The debugging of errors in the data repository is difficult, since the respective scripts are called via subprocess. The resulting challenge is to create a pipeline for both usefull debug messages and outputs in the nominal case. The following graphic depicts how error messages that arise during the execution of the execscript are propagated:

../_images/error_propagation.png

Which information is show in the different cases of settings, error type and execution methode is shown the following table:

Web Gui

cmd

settings.DEBUG == True

settings.DEBUG == False

nominal

show output, result: “success”

show output, result: “success”

log, “success”

numnerical error

show output, result: “inaccurate”

show output, result: “inaccurate”

log, “inaccurate”

script error

show debug, result: “script error”

result: “script error”

log, “fail”


Web

Unittests

  • problems:

    • loading db inside container

    • inside container there is no difference between ut and normal use case

  • solution:

    • ut-repo gets a permanently broken system model for testing debug messaging (LRHZX)

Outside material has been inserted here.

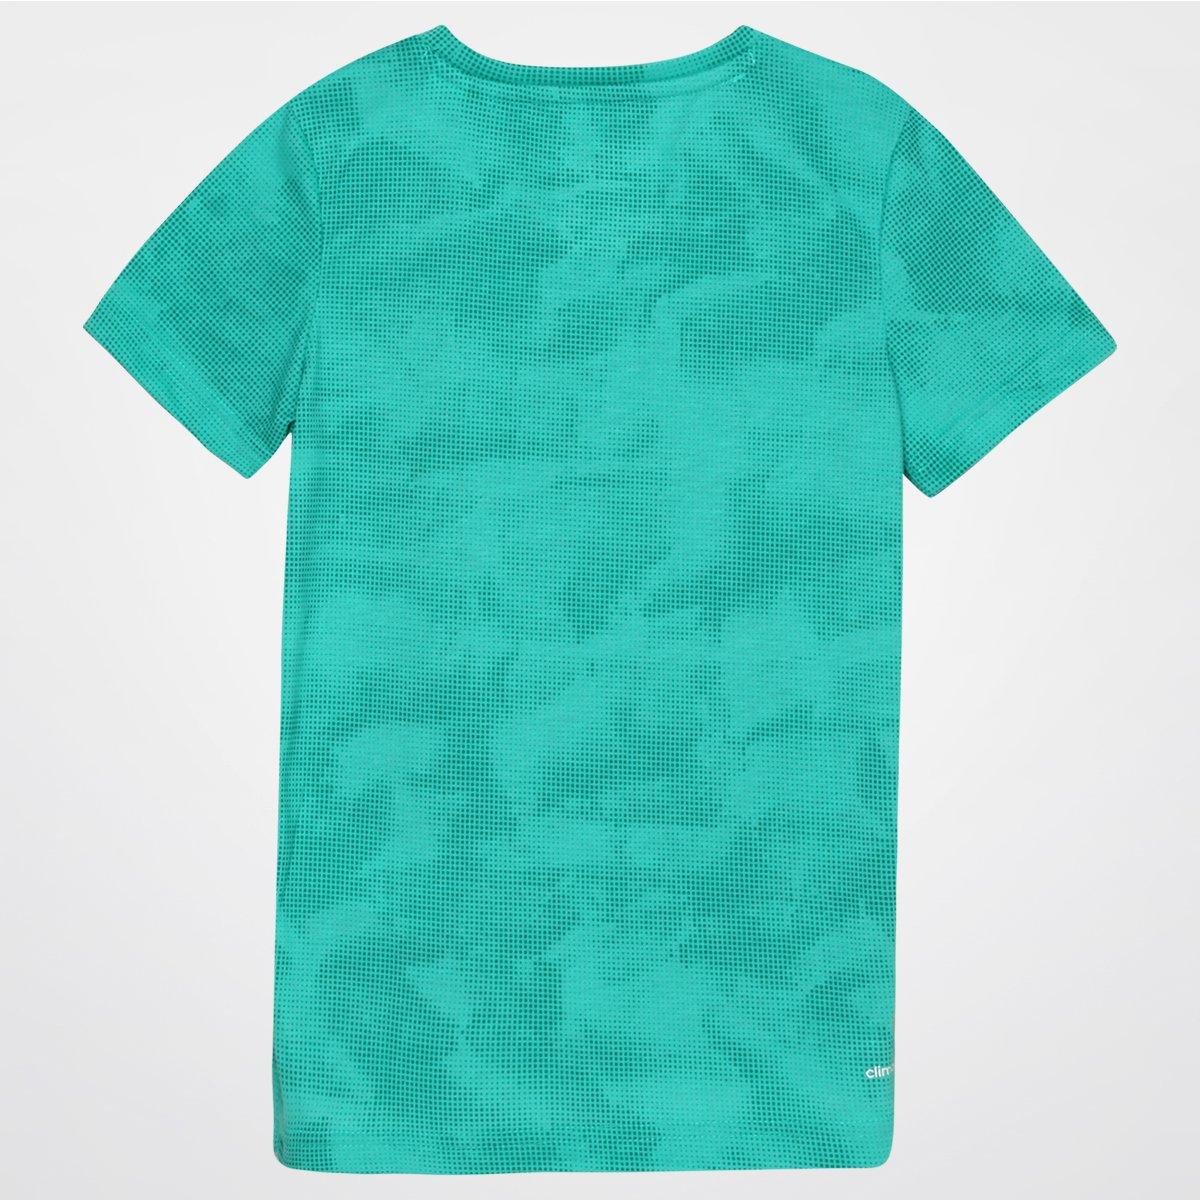 cf74b9b030 Camiseta Adidas Yg Ess Aop Infantil - Compre Agora

    • to distinguish between ut and nominal use case, environment variables are passed with the docker command to the container, specificly tailored to work inside the container

CI

Docker can be run by adding the step:

- setup_remote_docker:
    version: 20.10.14
    docker_layer_caching: true
  • volume mounting does not exist inside CI (see https://circleci.com/docs/2.0/building-docker-images/#mounting-folders). The used workaround is to create a dummy container with a dummy volume (without mapping to host!), copy all files into the dummy container (at the volume location) and the start the main container with --volumes-from dummy.

  • The image url part of the tests is skipped when in the CI since the file would have to be copied back to the primary container during the test.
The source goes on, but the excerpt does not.